About this task: Return the listing in full and exactly, but without a single picture.

Recorded information:
════

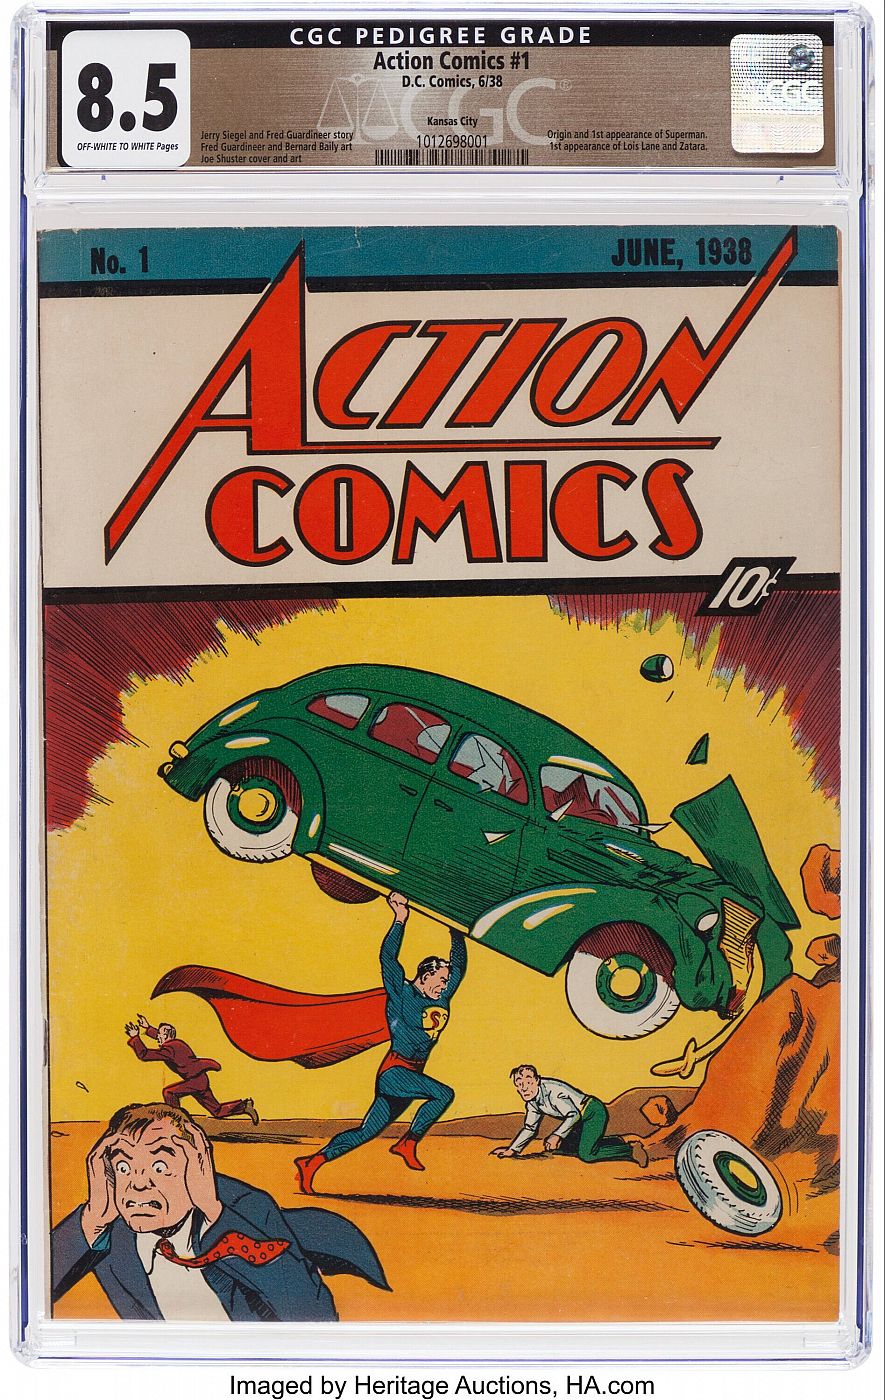 Portada de 'Action Comics #1' (1938)
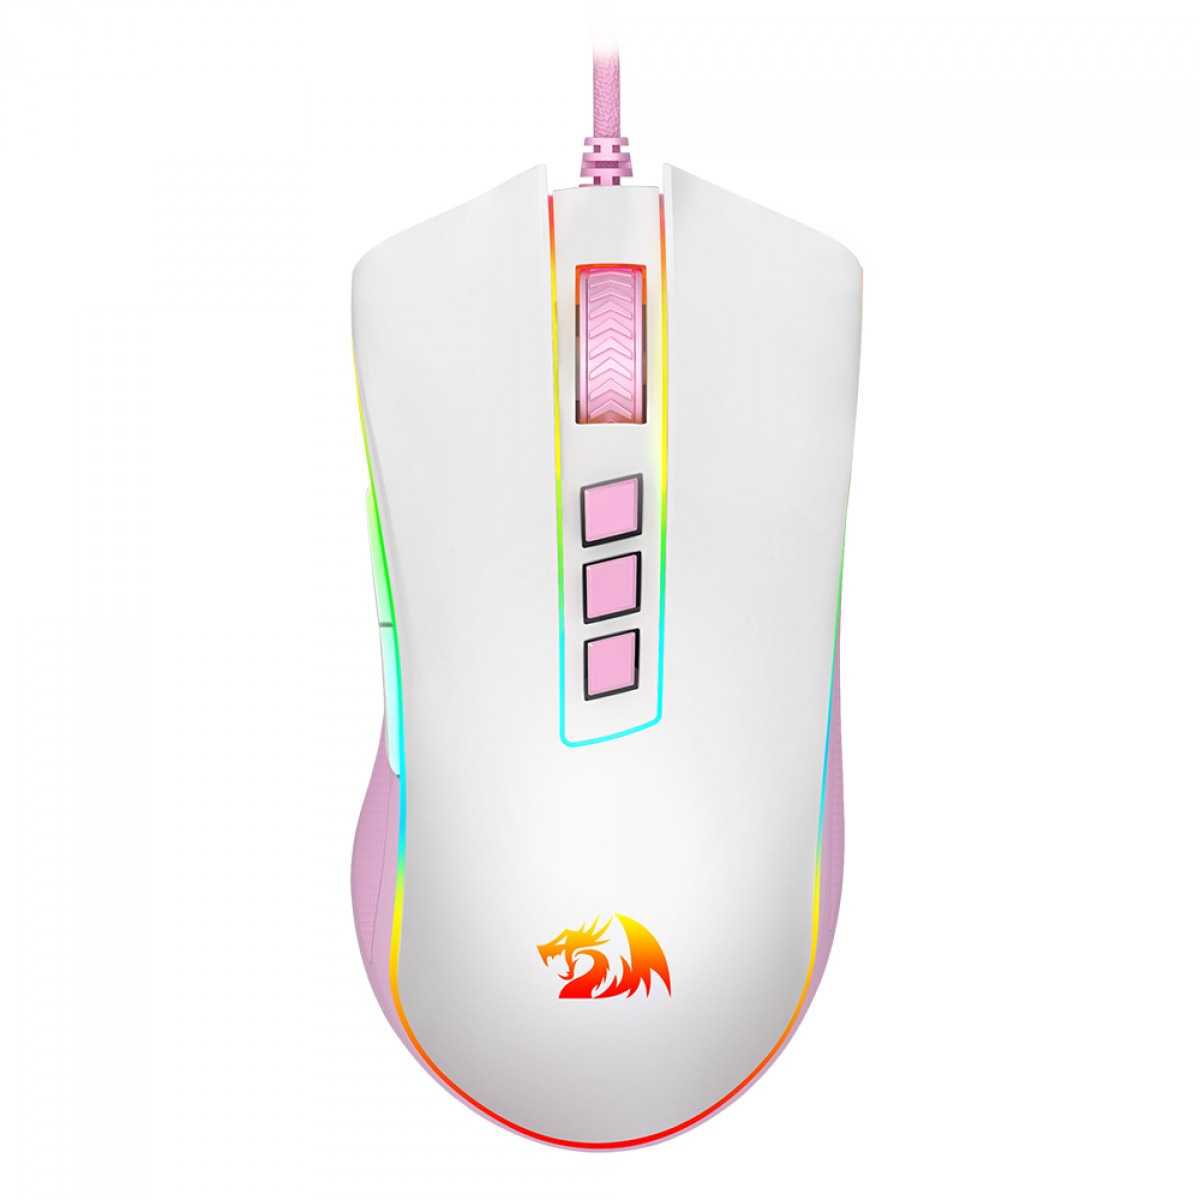 Mouse Gamer Redragon Cobra RGB 12400 DPI 8 Botões Programáveis Branco -  2Plays - Melhores ofertas você encontra aqui!
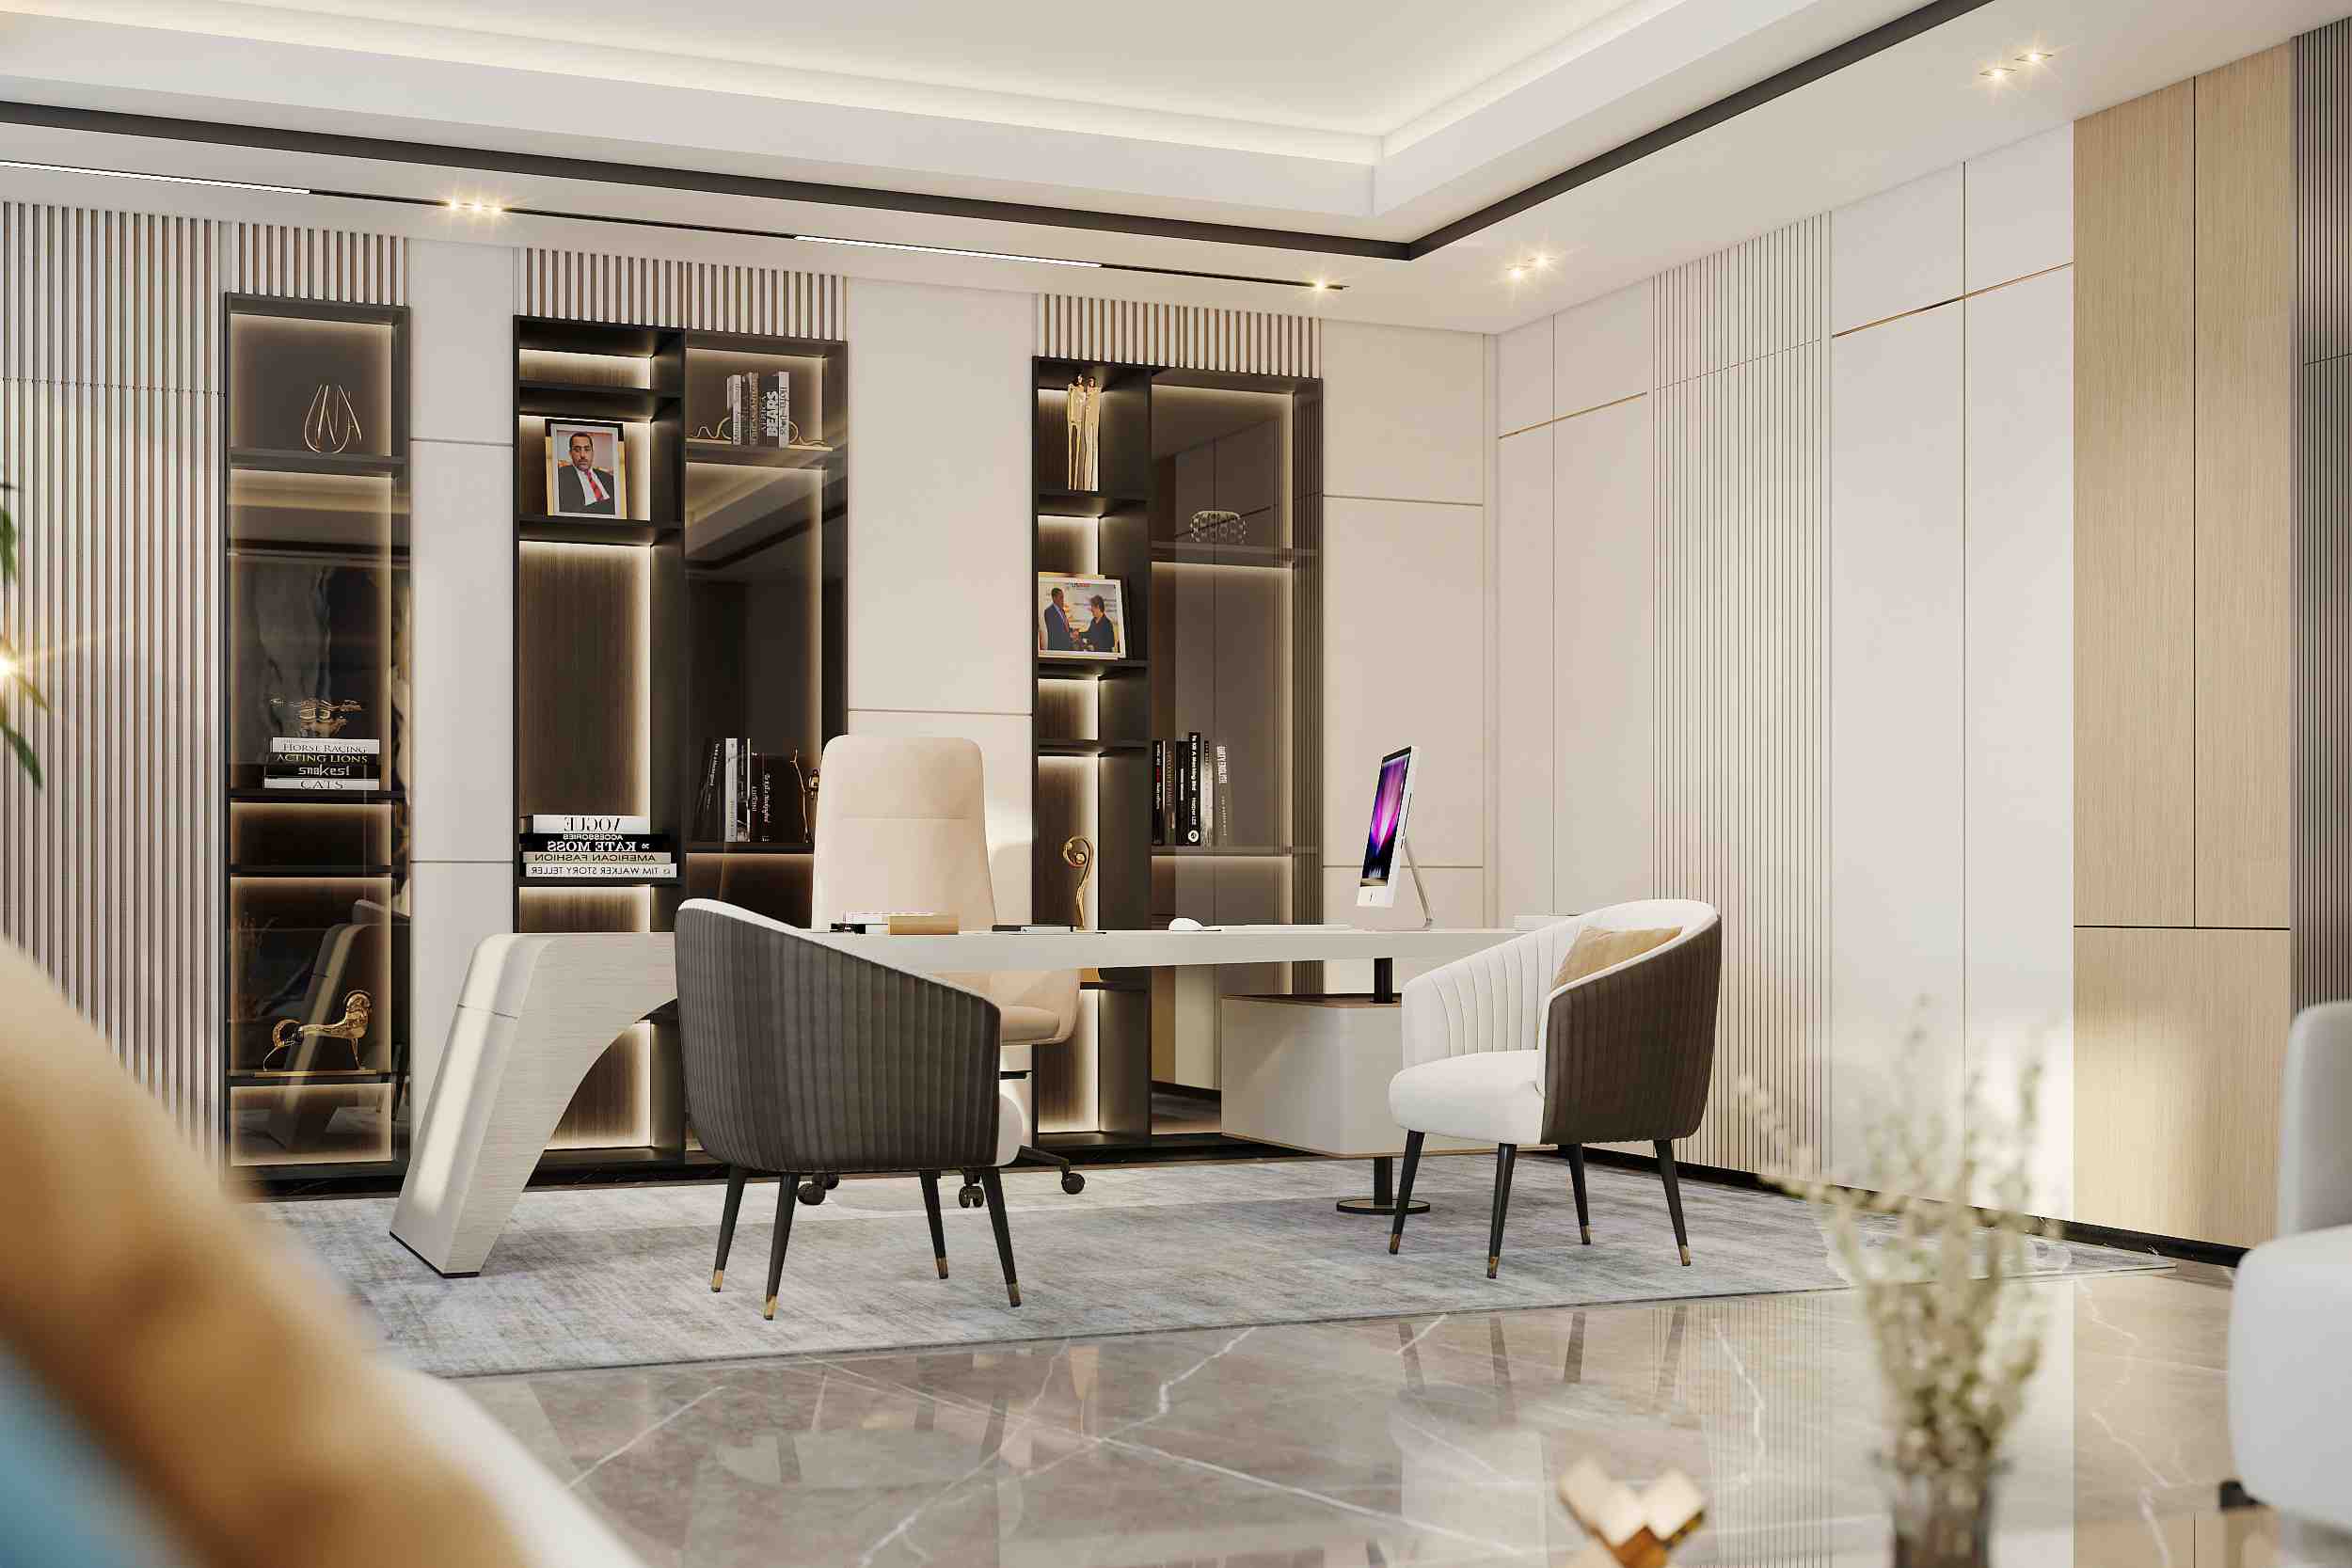 Offices - Spazio Interior Design & Fit Out Company - Dubai

════

Written answer:
 Portada de 'Action Comics #1' (1938)
 Mouse Gamer Redragon Cobra RGB 12400 DPI 8 Botões Programáveis Branco -  2Plays - Melhores ofertas você encontra aqui!
 Offices - Spazio Interior Design & Fit Out Company - Dubai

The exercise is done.